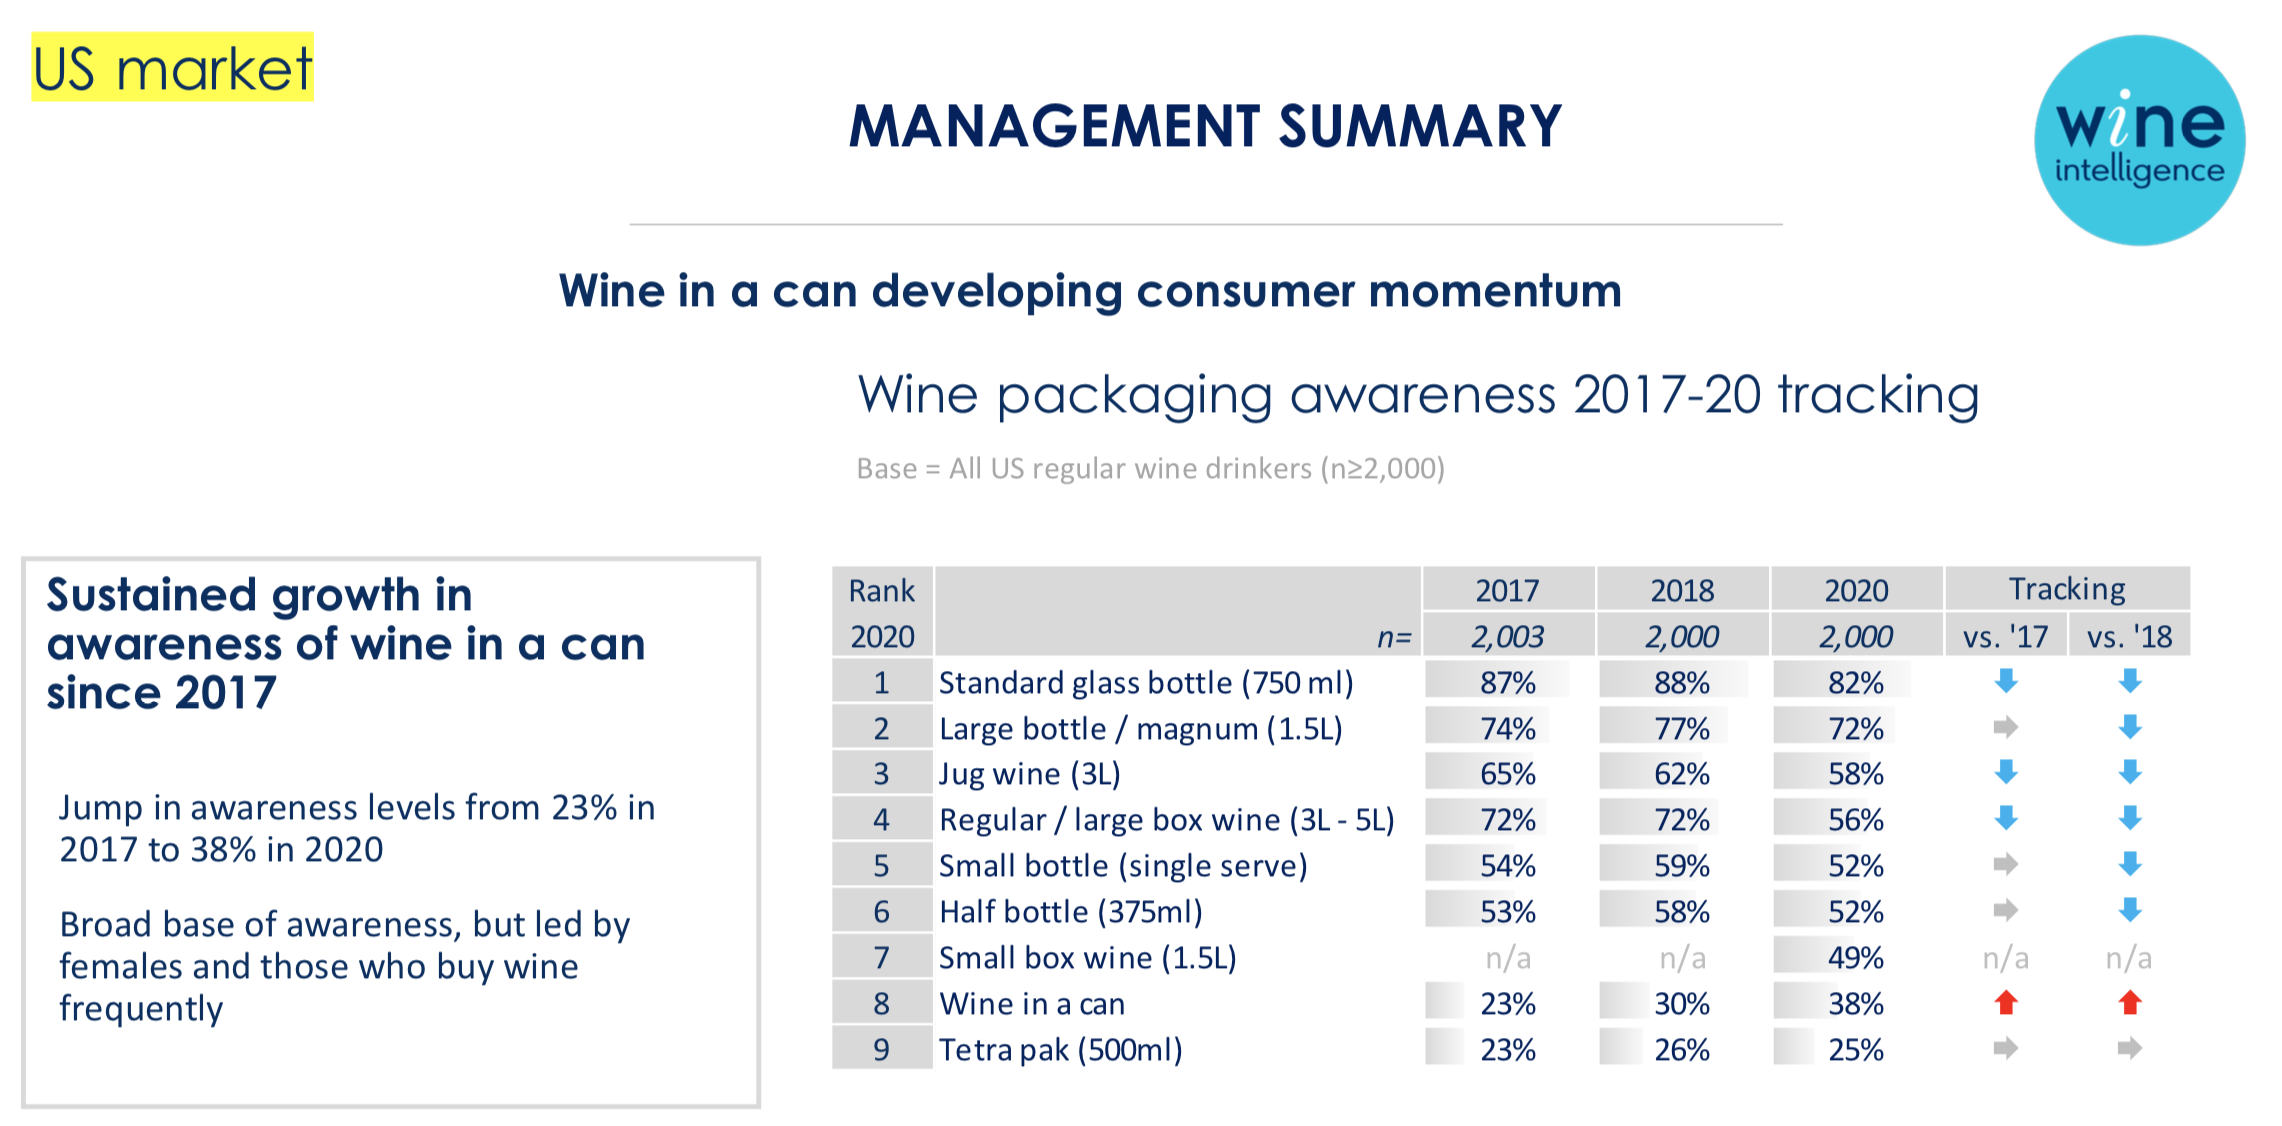 Although consumer awareness of wine in can as a product has increased, it still remains relatively low.
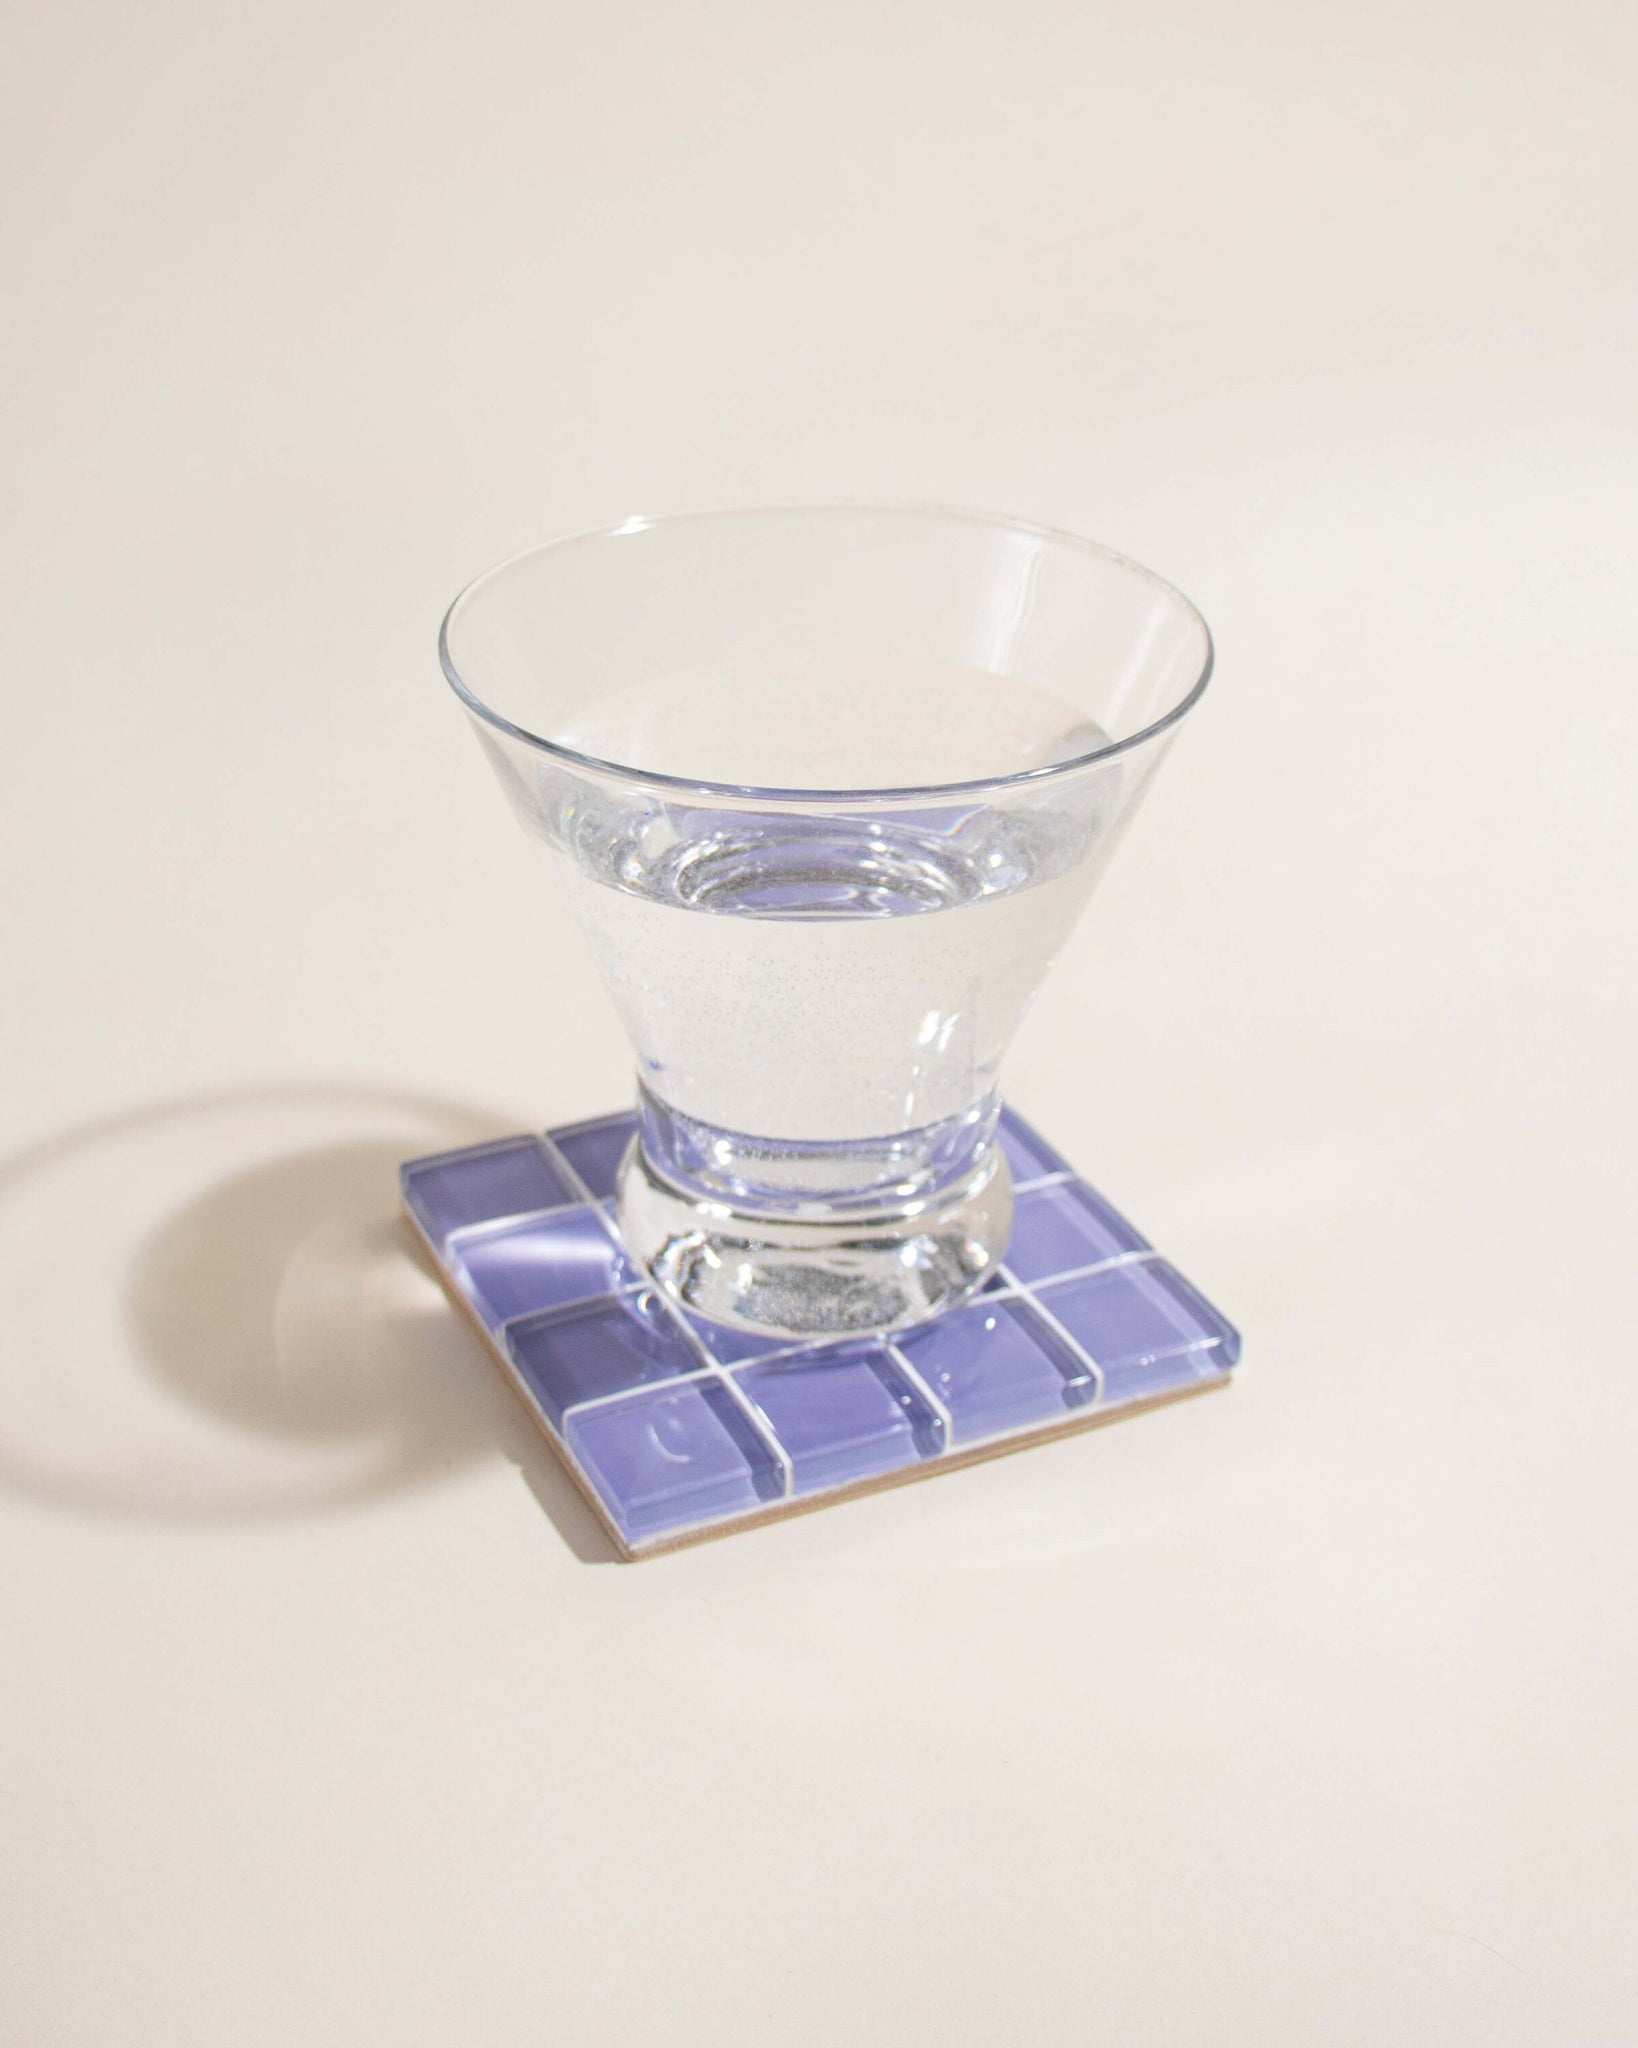 Glass Tile Coaster | Handmade Drink Coaster | Square Coaster | Housewarming Gift | Gift for Her | Gift for Him | Birthday Gifts 4
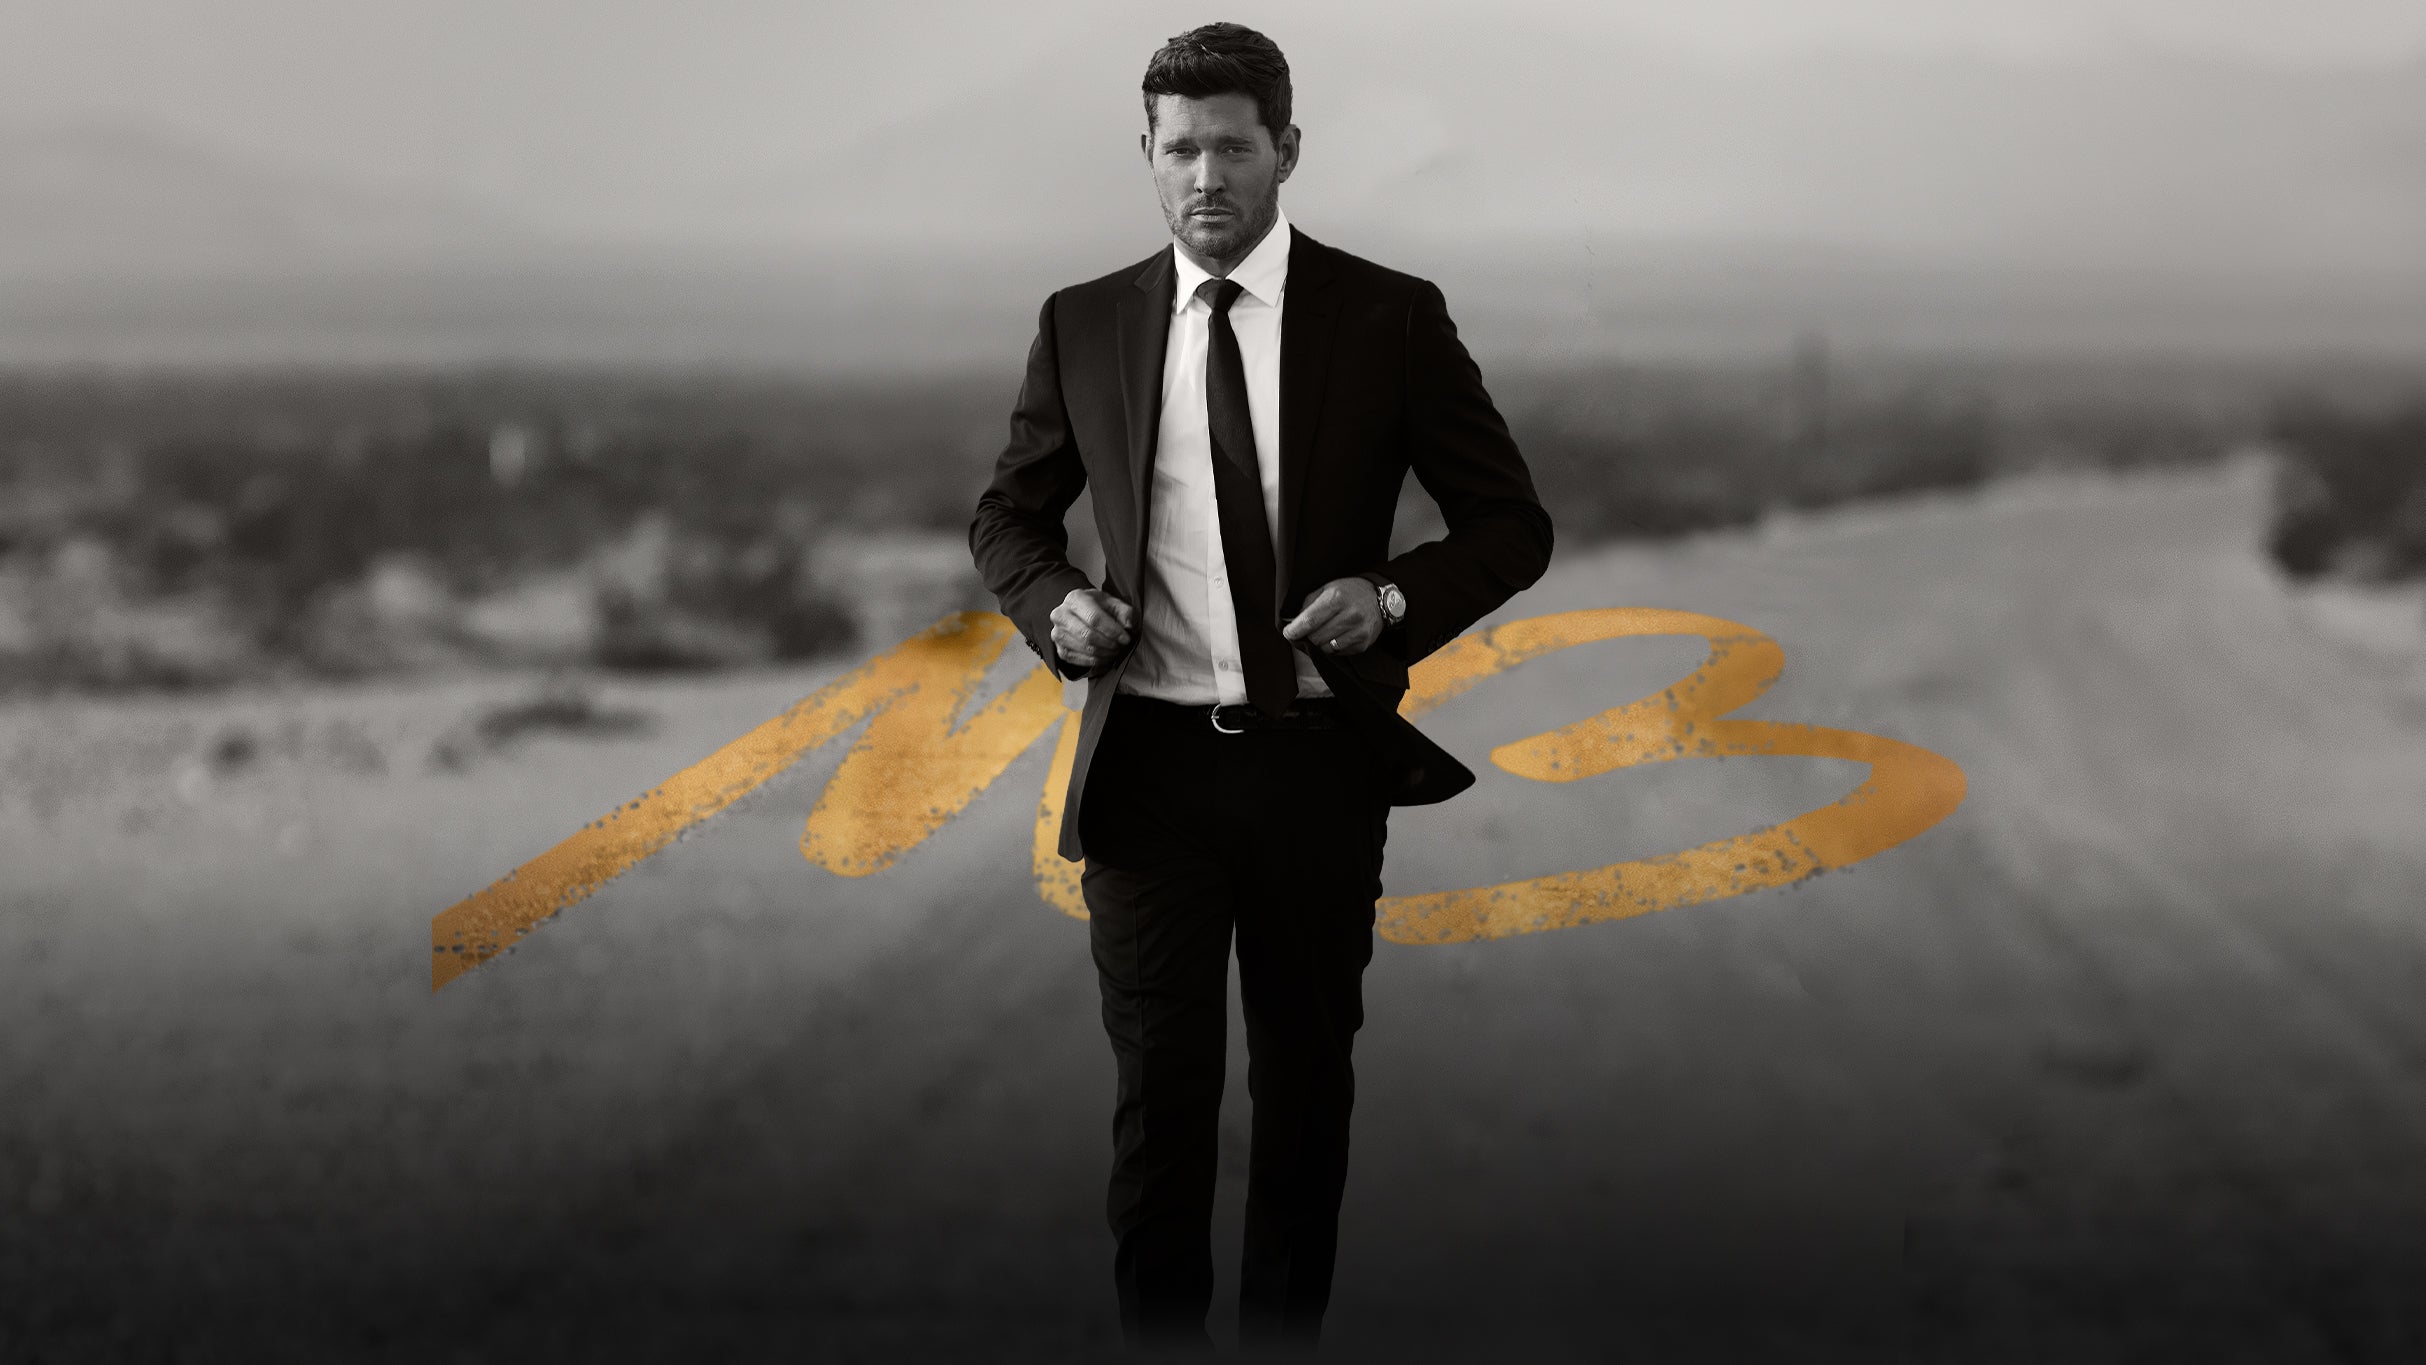 An Evening with Michael Bublé at PPG Paints Arena

■ ■ ■ ■ ■

Beginning with the line containing "Glass Tile Coaster" and ending with the last line of the material, output each line exactly; do not include pictures.

RESPONSE TO THE EXERCISE >>
 Glass Tile Coaster | Handmade Drink Coaster | Square Coaster | Housewarming Gift | Gift for Her | Gift for Him | Birthday Gifts 4
 An Evening with Michael Bublé at PPG Paints Arena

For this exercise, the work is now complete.